When I was younger, I got my first taste of the 41st millennium at my local hobby shop when I read a copy of the old Daemon Hunters codex.  Remember that one?  I can't find a copy of the picture to post here, but you should hopefully know.  The horror and disgust that filled my mind enthralled me, and I was irrecoverably hooked.
About decade later, I bought my first Space Marines from a friend; I assembled them and left them be, too scared to paint them in case I messed up.  I decided on a Chapter name, heraldry and everything and after six or eight months finally decided to buy some paint.

Two years have passed since then.  I still have my first squad I painted, and as much as I want to strip them and thus absolve myself, I need to keep them to remind me just how far I've come.  I've compiled a few photographs of my Astartes from then to now.  Sometimes I felt so useless with the brush I wanted to just throw in the trowel and give up painting, but I remembered that old codex, remembered why I started the hobby and took heart, picked my brush back up and carried on.

Oh, that sounded lame.  Never mind.  Picture time.

My first squad-- all I knew in the way of detail was battle damage and dust, and was not very good at that.  No washes, no drybrushing, nothing.  Look at the backpack.  I didn't even trim the mold lines.

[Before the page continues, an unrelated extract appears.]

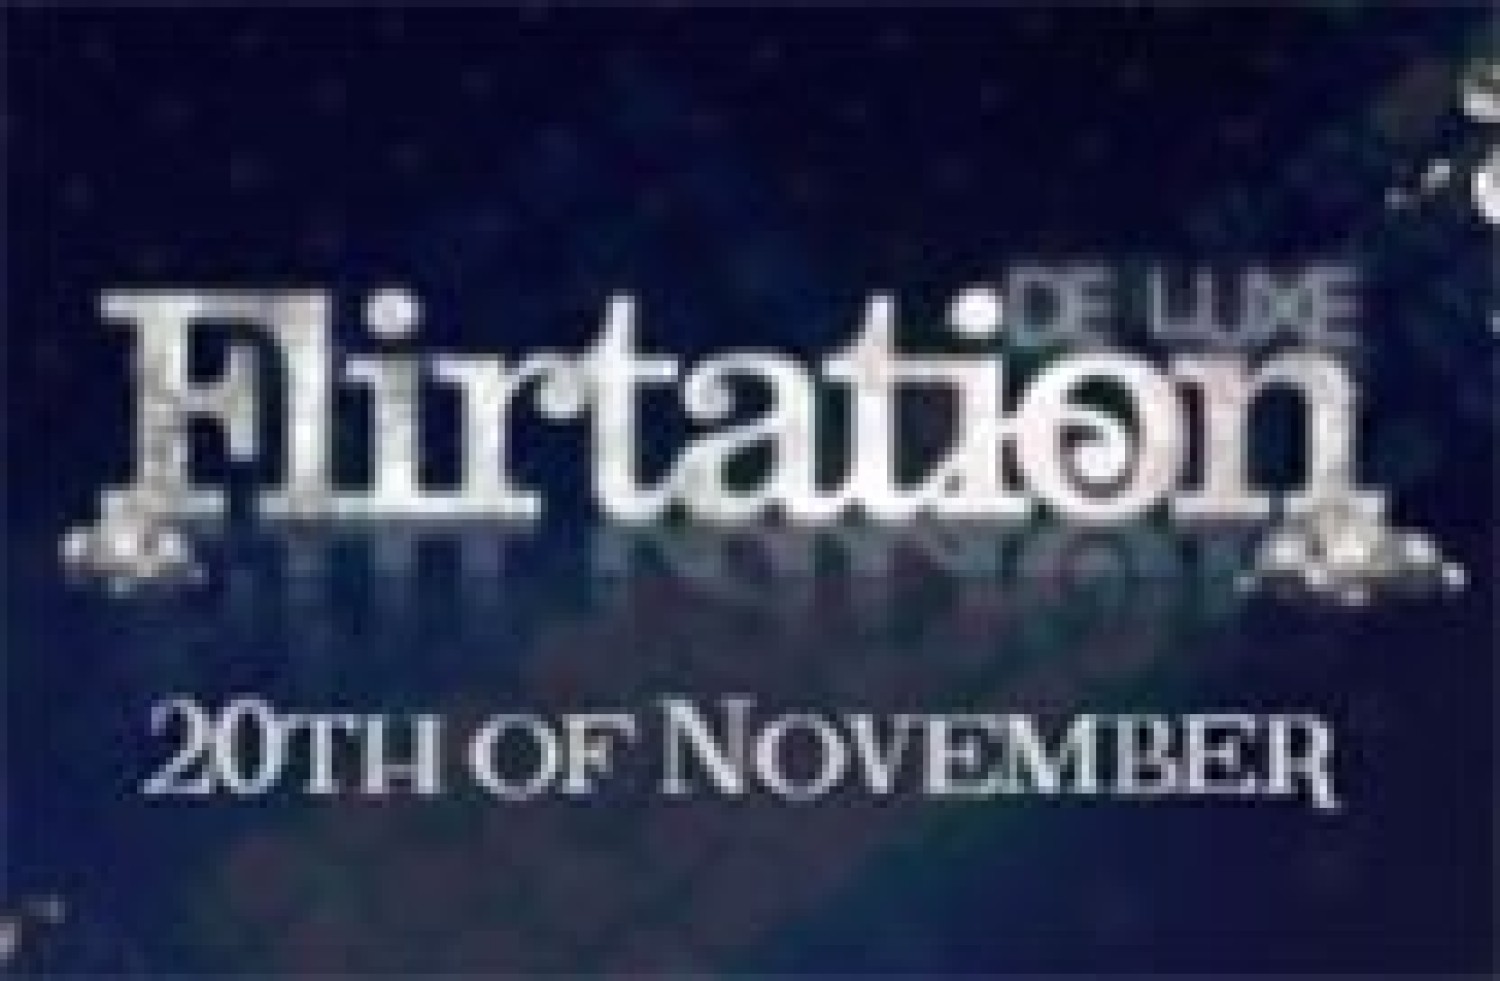 Party nieuws: Flirtation is terug op vrijdag 20 november in Panama

Second squad-- I sort of had an idea where I was going.  I had already proposed to hand-paint the icons onto the shoulder guards, but I was still very poor.  Watering down dryad bark was something I thought of, but was too scared to try it.
I found out about writing script on with pencil; also, what started as an accident became my signature of sorts-- the white stipple.

Third squad-- my Chapter was only going to ever have two devastator squads, so I wanted to do my very best.  Dryad Bark left the yellow a nice, dull ochre, so I was very happy; I also found using  watered down Bestial brown left a nice, rusty finish, along with a bit of Fire Dragon Bright drybrushed over.

Fourth squad-- by this time, my confidence had grown along with my repertoire of techniques.  I started using a pitt pen more often, including make-up around the Astartes' eyes.  I also found that colouring the basing sand orange and drybrushing it with Zandri dust as opposed to dabbing the paint on all thick, it made a much nicer base overall.

Fifth squad-- throwing any and all caution to the winds, I tried splotching watered down Caliban green and Abbadon Black over the brown before the rust wash.  The result was a very bitter, dark colour that I felt befitted the 41st millennium quite well.

Sixth squad-- but I didn't stop developing my skill.  After acquiring some technical paints, I went to town with oxodising brass, sticky, caked-on blood and decades worth of grime.  I also found dropping a little watered down Nurgling green into the eye worked better than trying to highlight it with a brush.

This is my most recent Astartes.  I always strive to paint at least a little like the John Blanche, and I think I might be getting there.

So you see what two years of painting can do for you.  Just keep practicing, don't hold back with new ideas/techniques, and above all things, let the Emperor guide your hand as you paint.